◆ Problem
Reproduce exactly the lines of this material that begin at the line with "LEGO Porsche 911 RSR" and end at the line with "Porsche 911 RSRPorsche 911 RSR", both included. Omit the pictures and everything else.

◆ Provided data
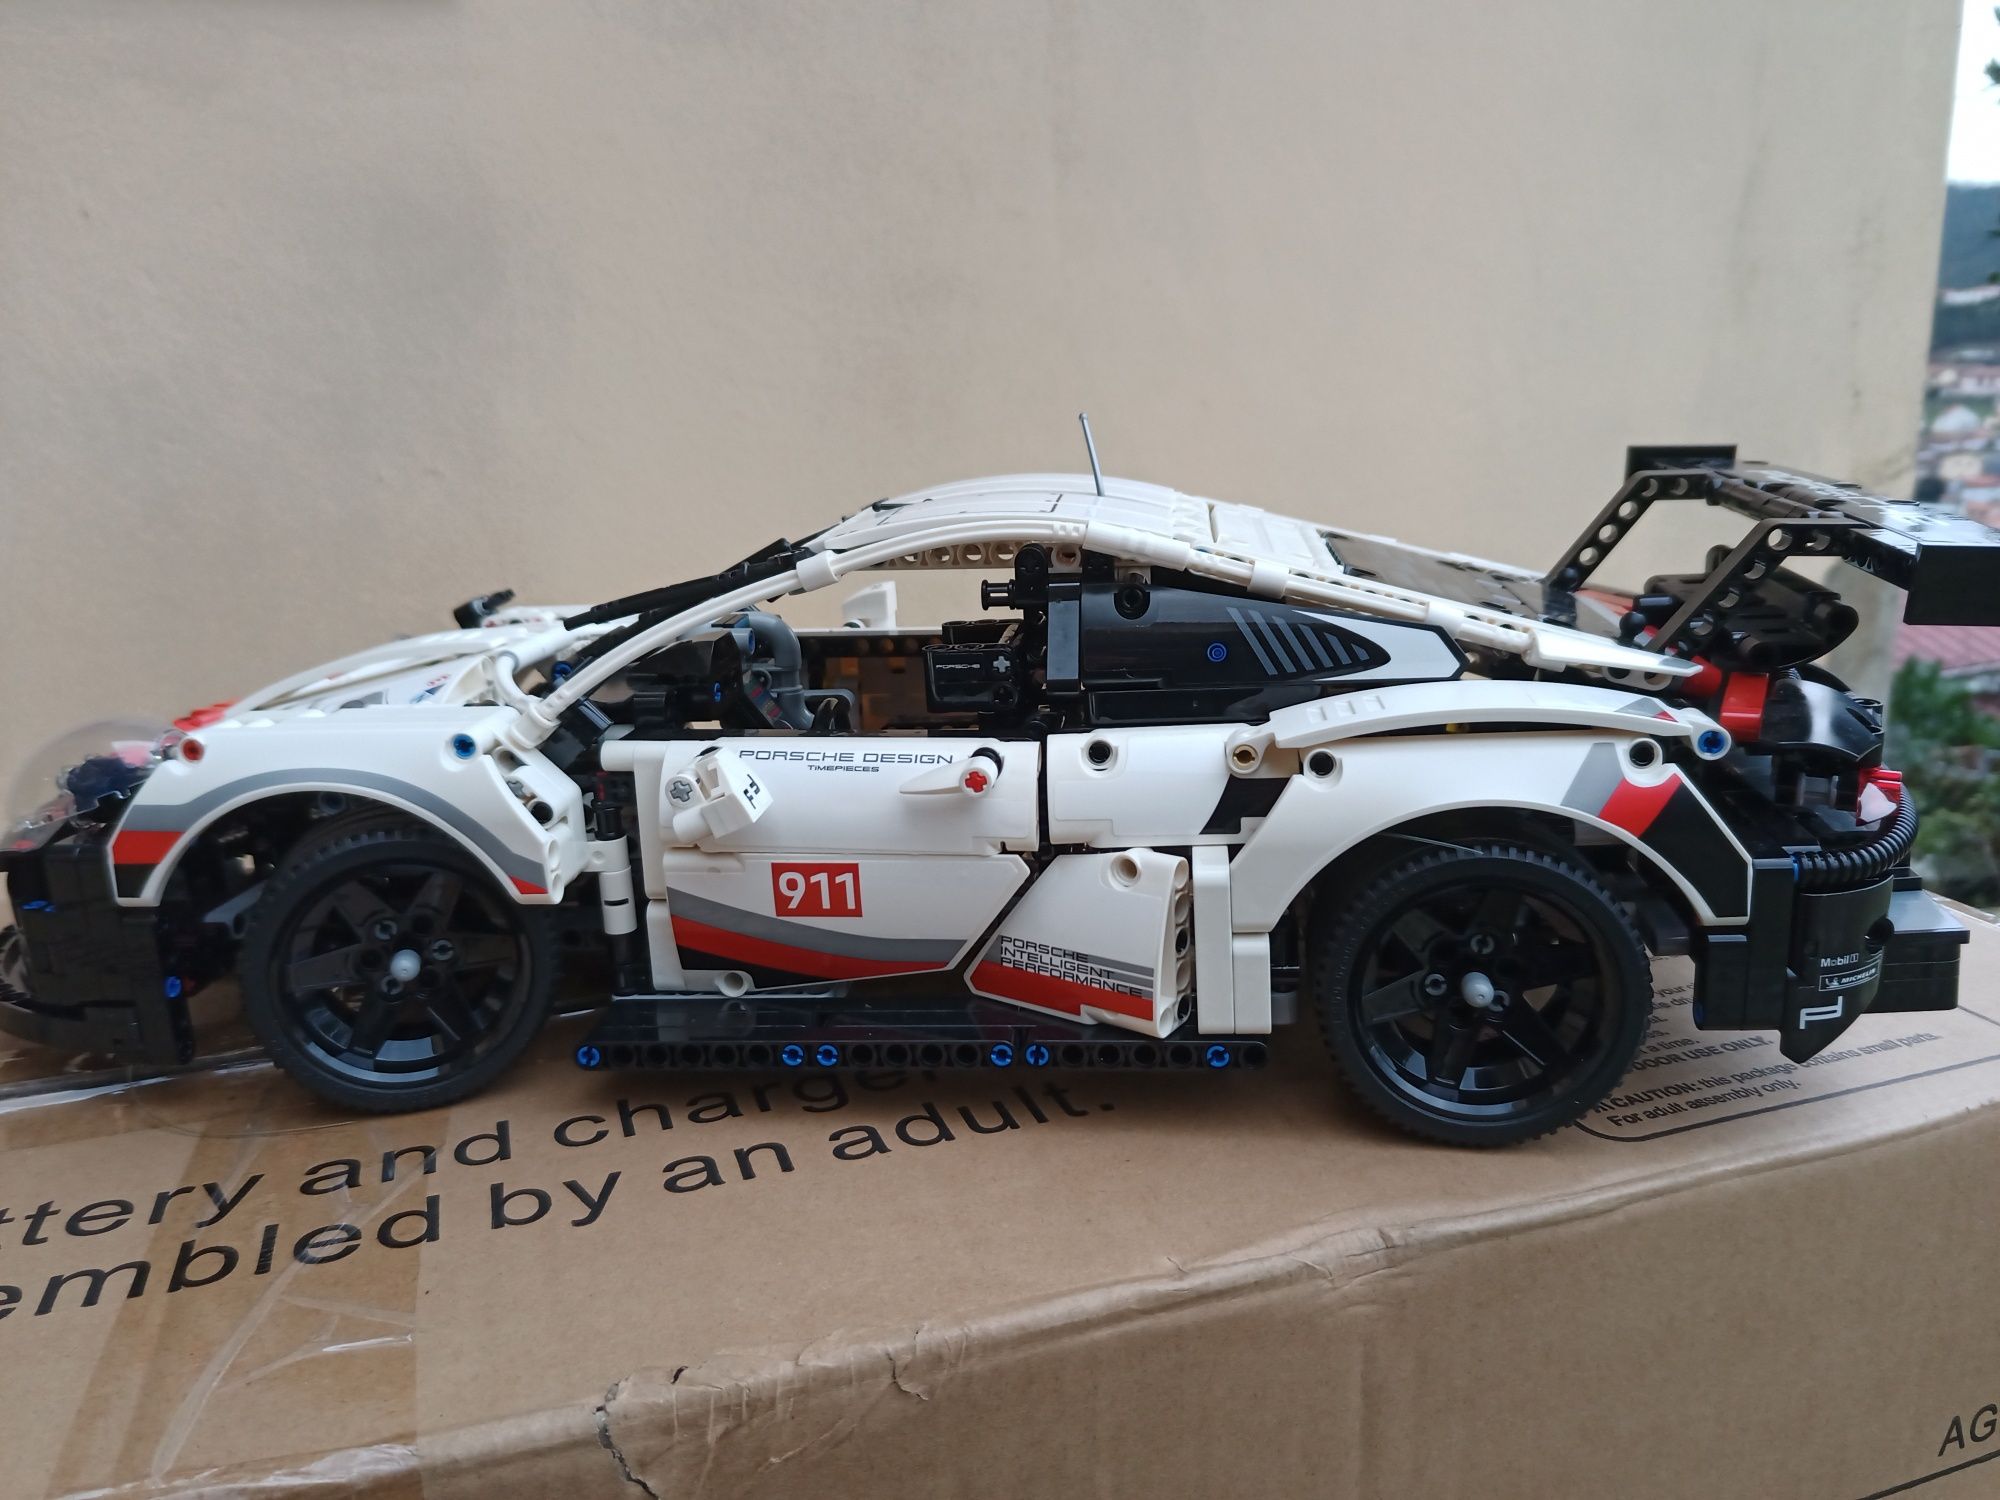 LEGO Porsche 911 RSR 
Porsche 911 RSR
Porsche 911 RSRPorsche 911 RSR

--

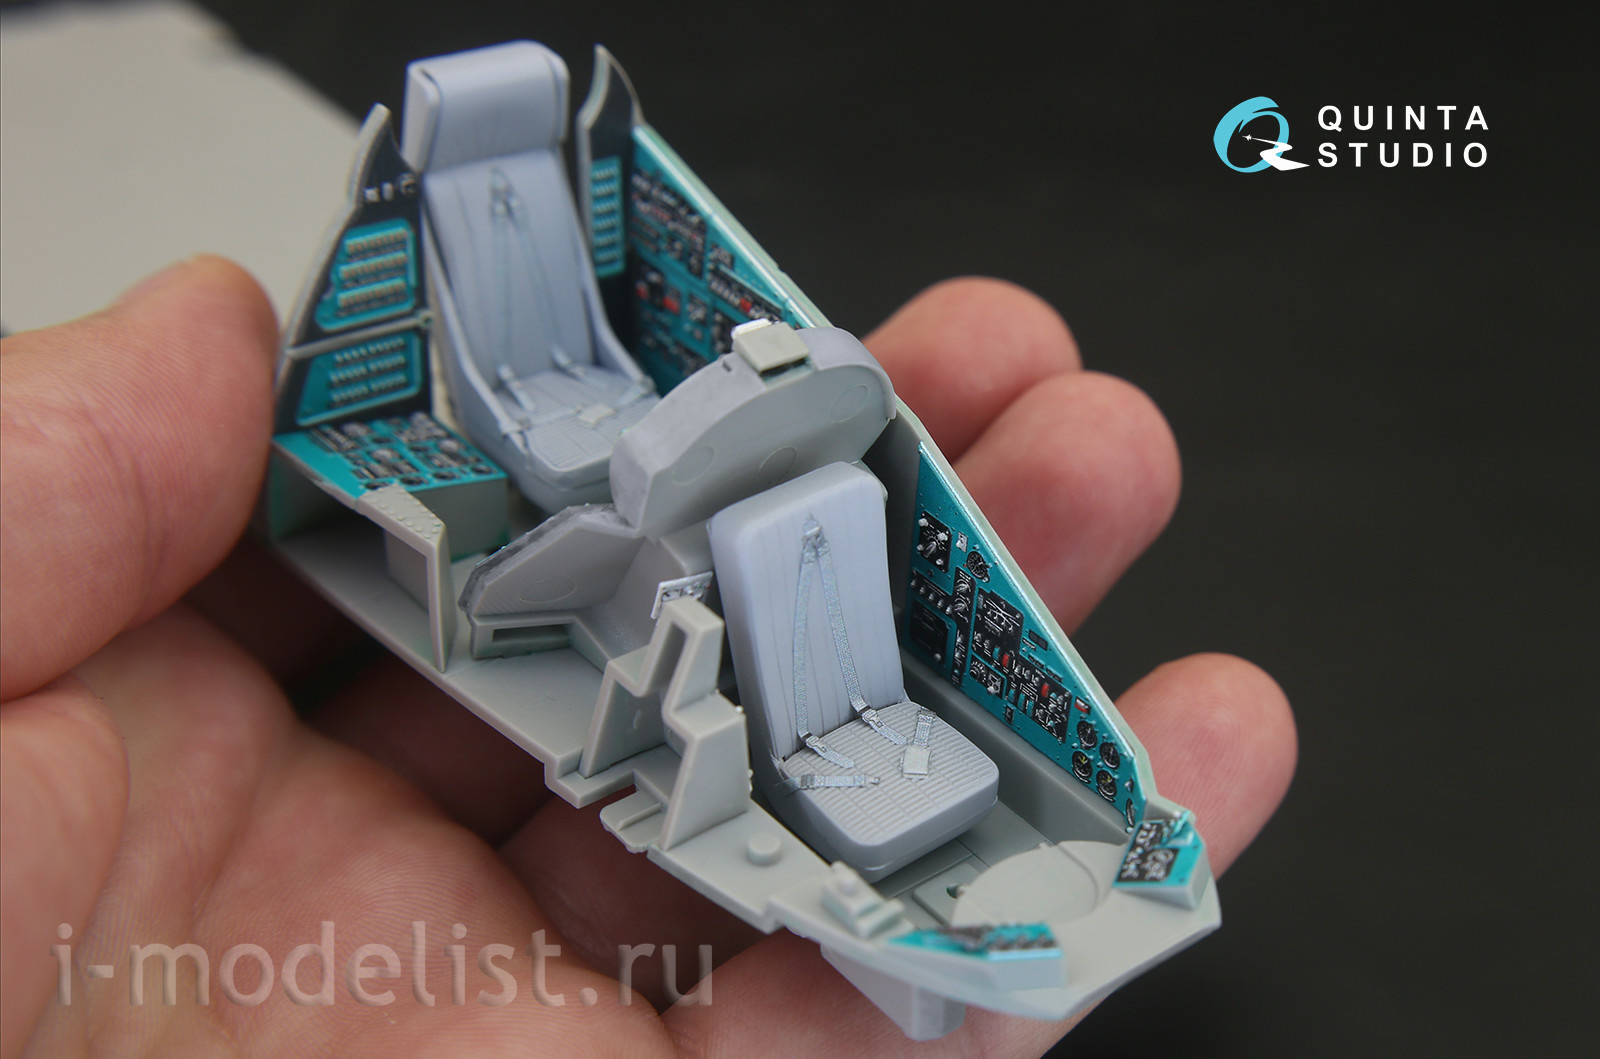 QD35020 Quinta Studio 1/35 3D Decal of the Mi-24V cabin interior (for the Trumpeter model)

* * *

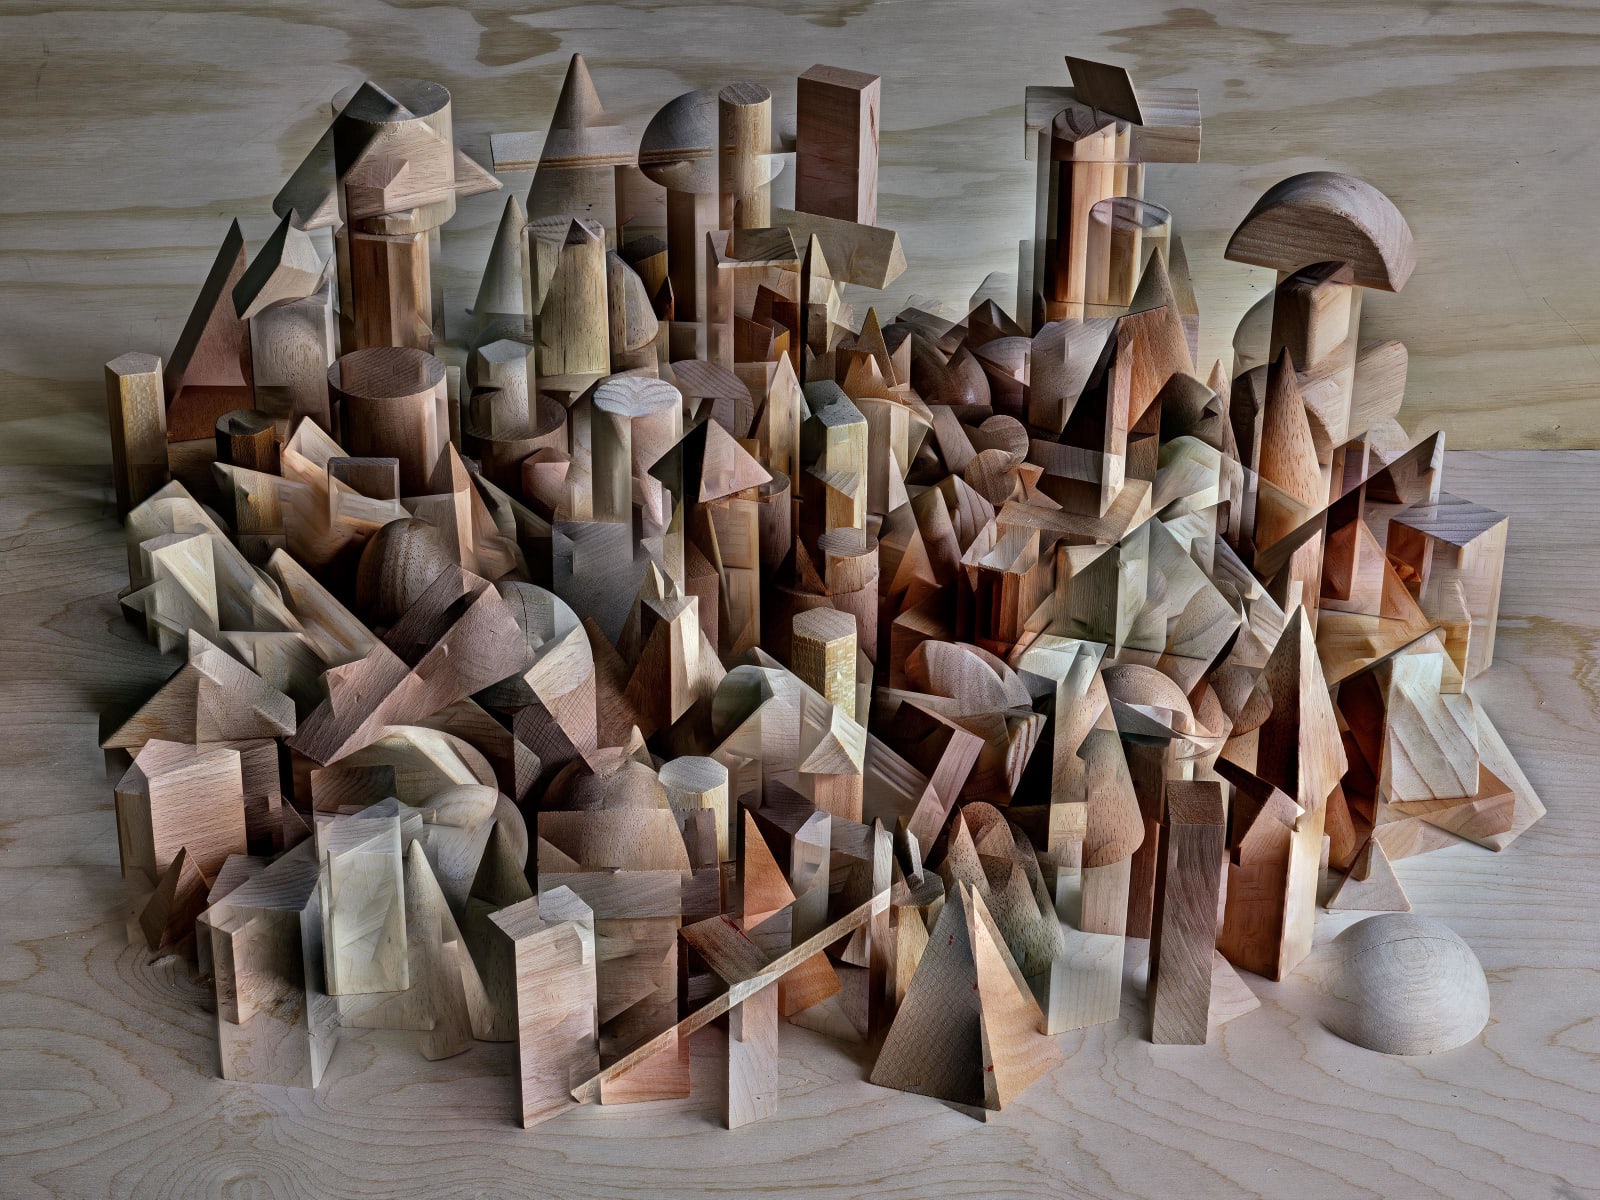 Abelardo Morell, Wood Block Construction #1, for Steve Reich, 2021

◆ Your response
 LEGO Porsche 911 RSR 
Porsche 911 RSR
Porsche 911 RSRPorsche 911 RSR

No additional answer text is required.